:: WHAT YOU HAVE TO DO ::
Among the lines below, the one containing "Animeirl Train Station" opens the range and the one containing "dianne babineau recommends" closes it. Print that range exactly, without the pictures.

:: INPUT DATA ::
***

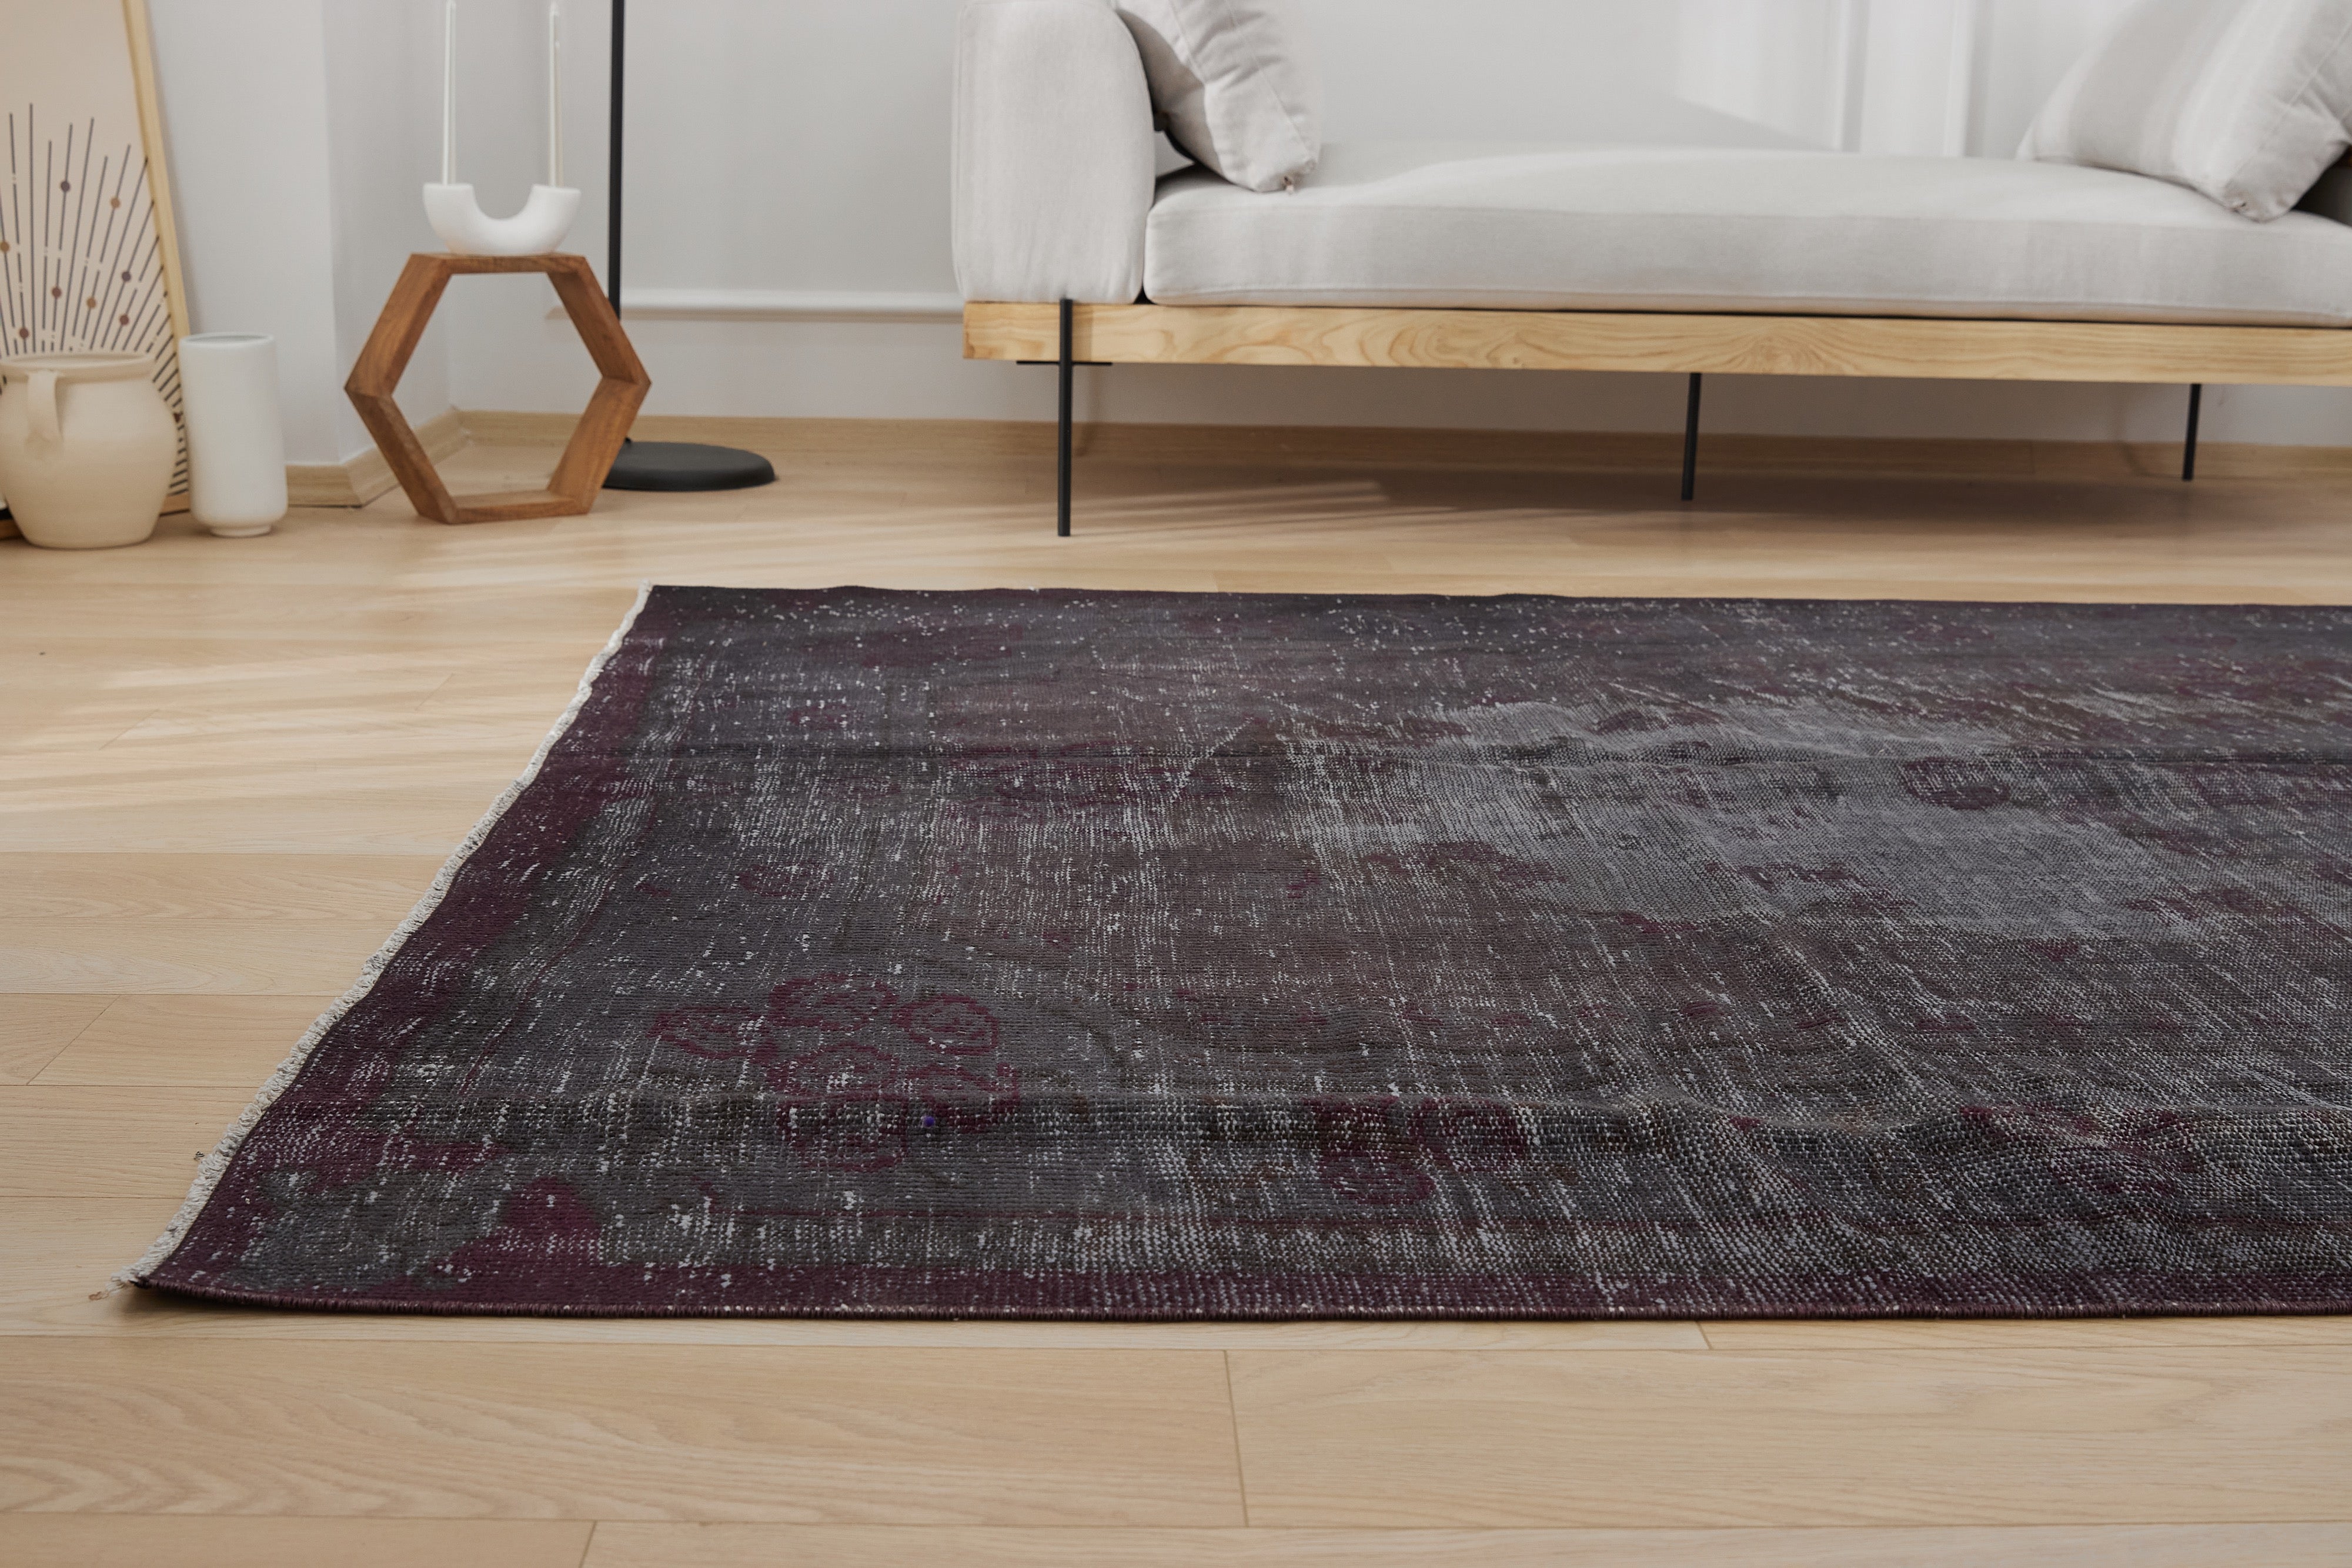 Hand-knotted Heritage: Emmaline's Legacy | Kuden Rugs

***

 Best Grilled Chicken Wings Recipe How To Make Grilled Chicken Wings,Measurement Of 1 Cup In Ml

***

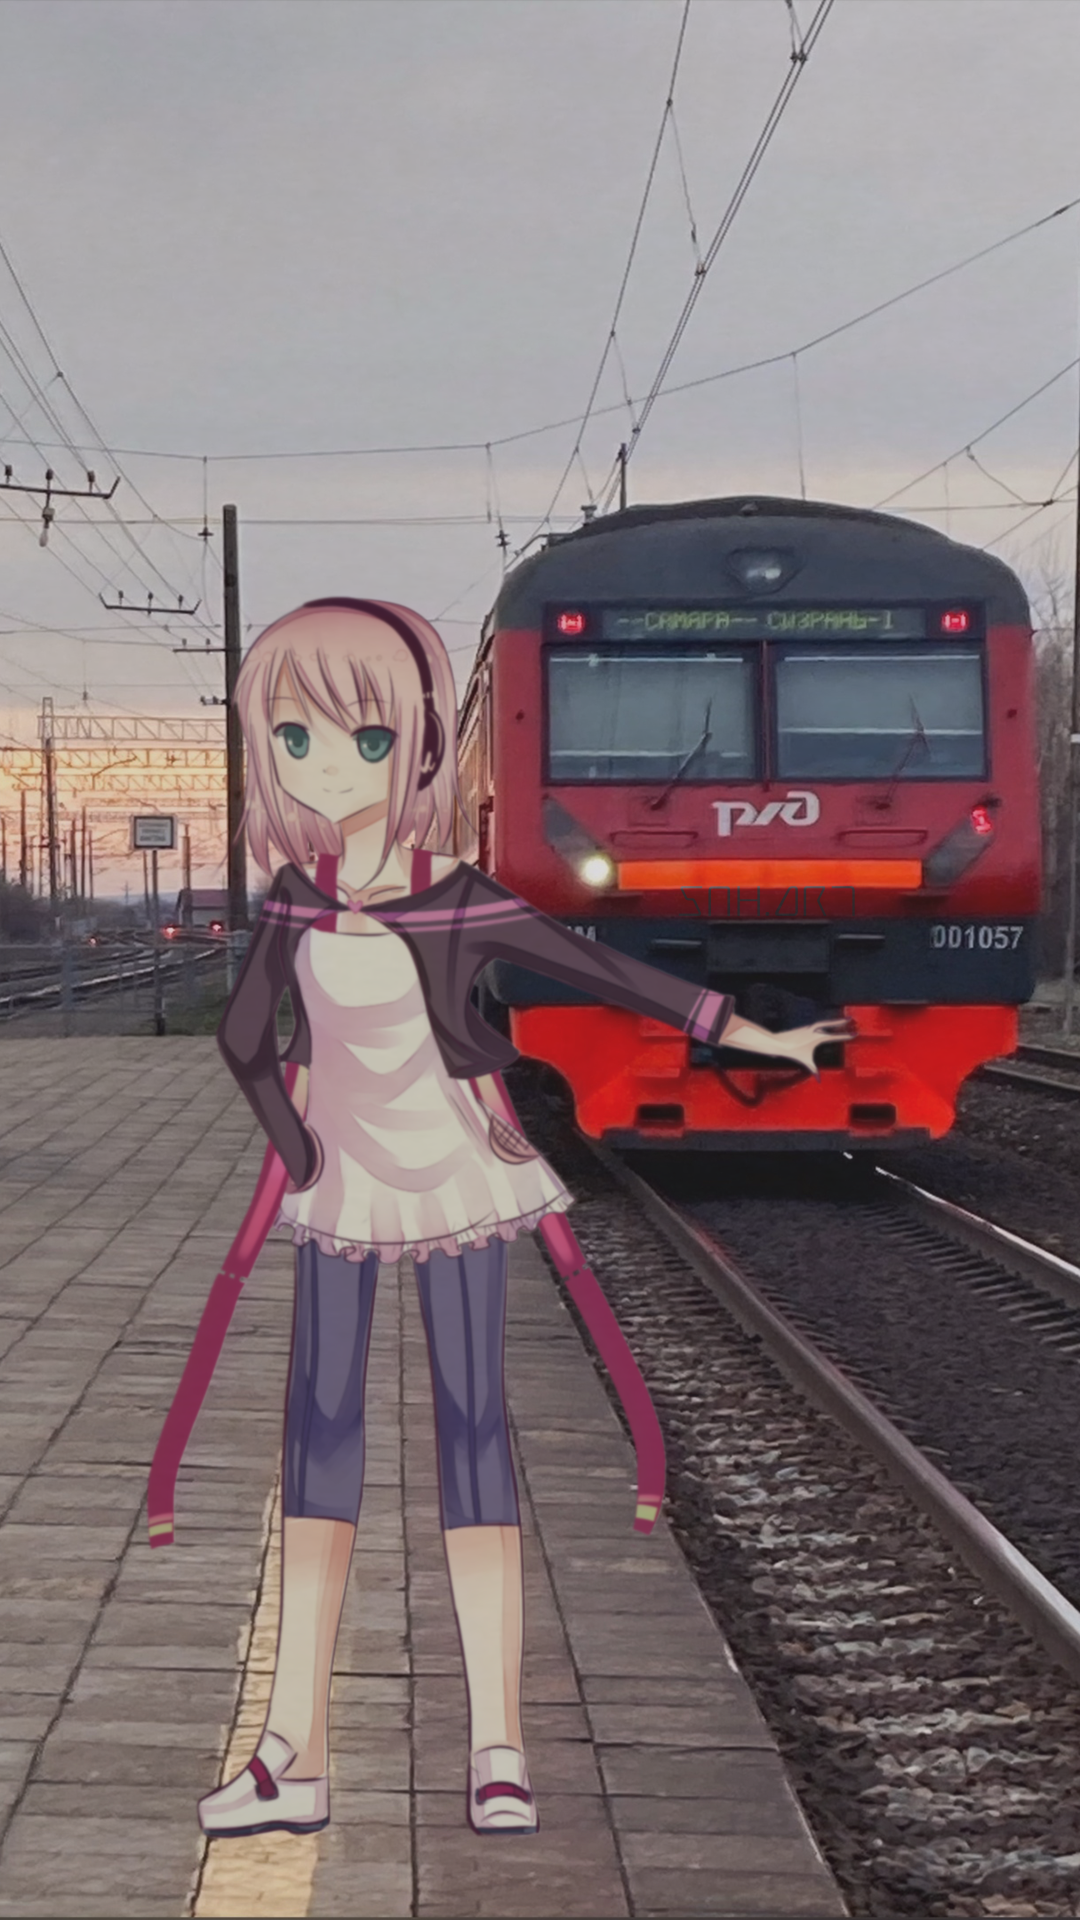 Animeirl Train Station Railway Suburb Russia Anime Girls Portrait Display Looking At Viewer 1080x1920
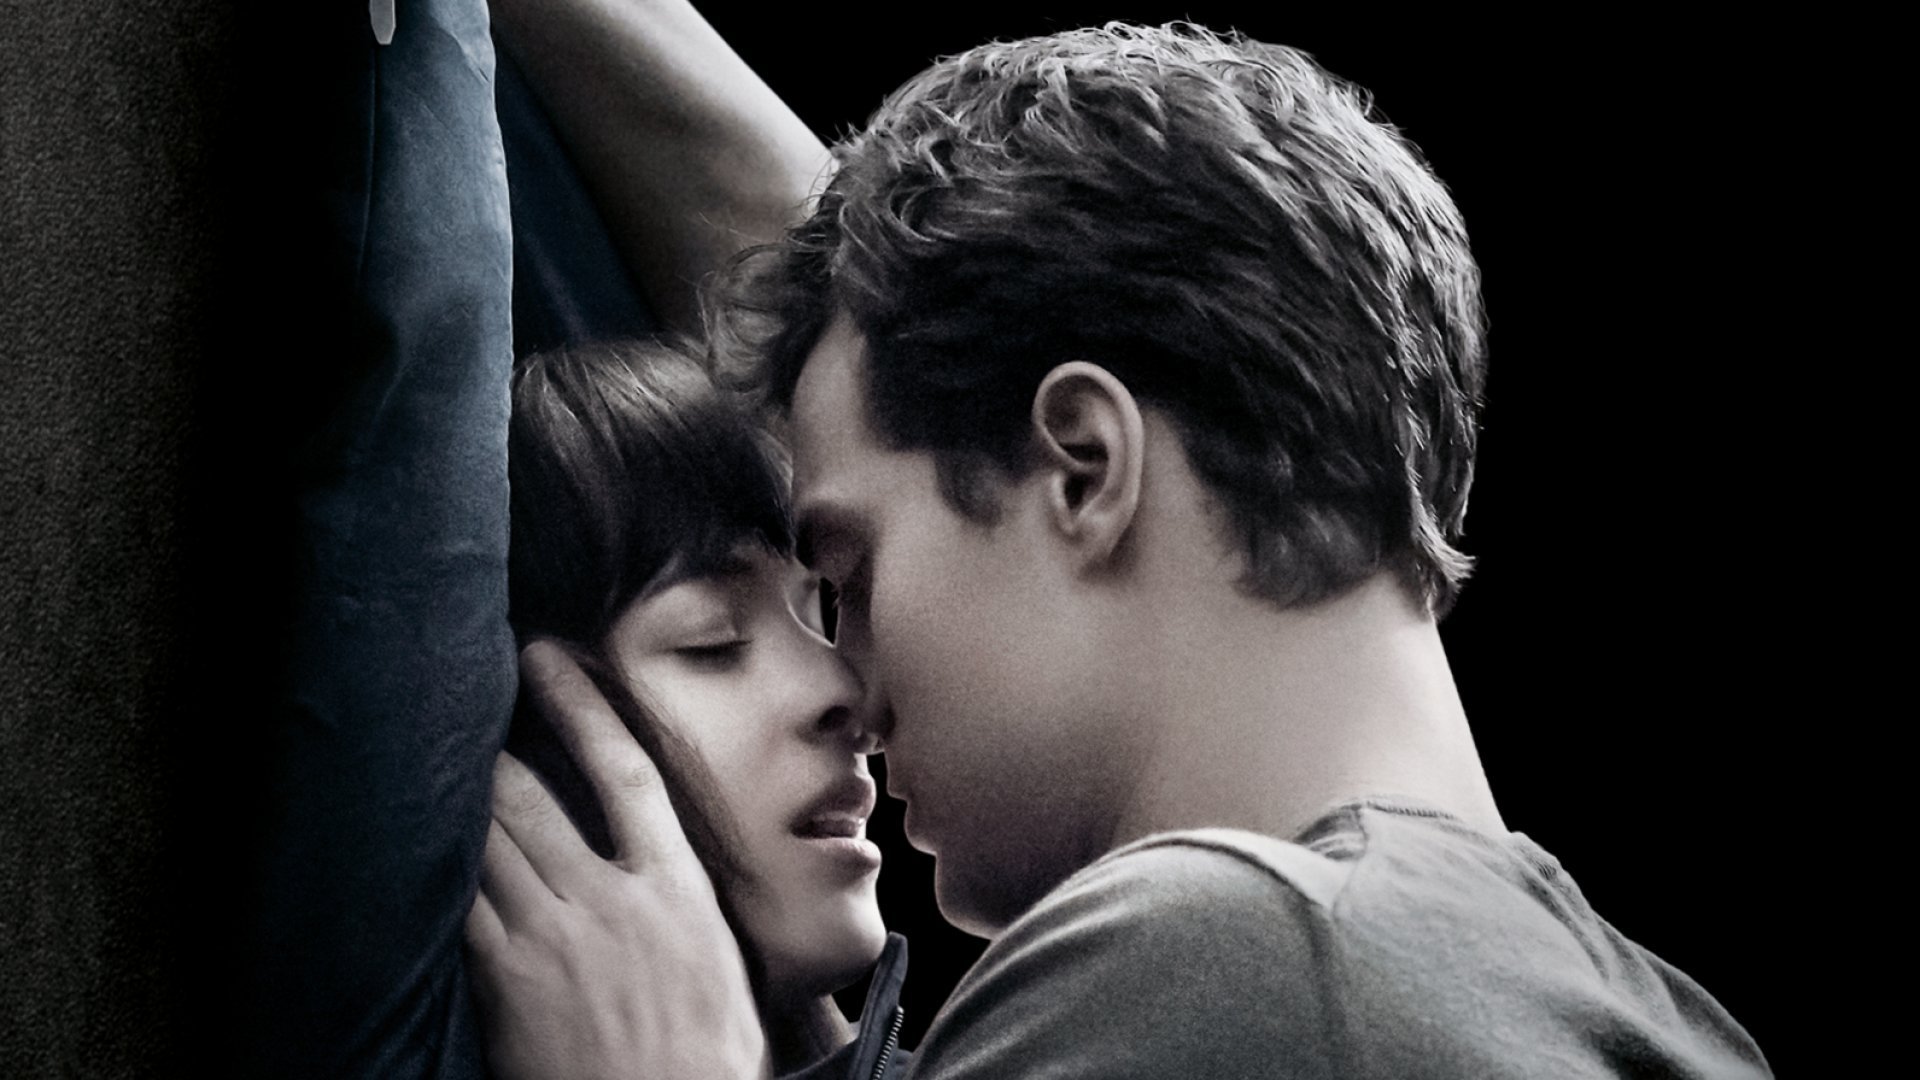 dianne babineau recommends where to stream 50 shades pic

***

:: TASK RESPONSE ::
 Animeirl Train Station Railway Suburb Russia Anime Girls Portrait Display Looking At Viewer 1080x1920
 dianne babineau recommends where to stream 50 shades pic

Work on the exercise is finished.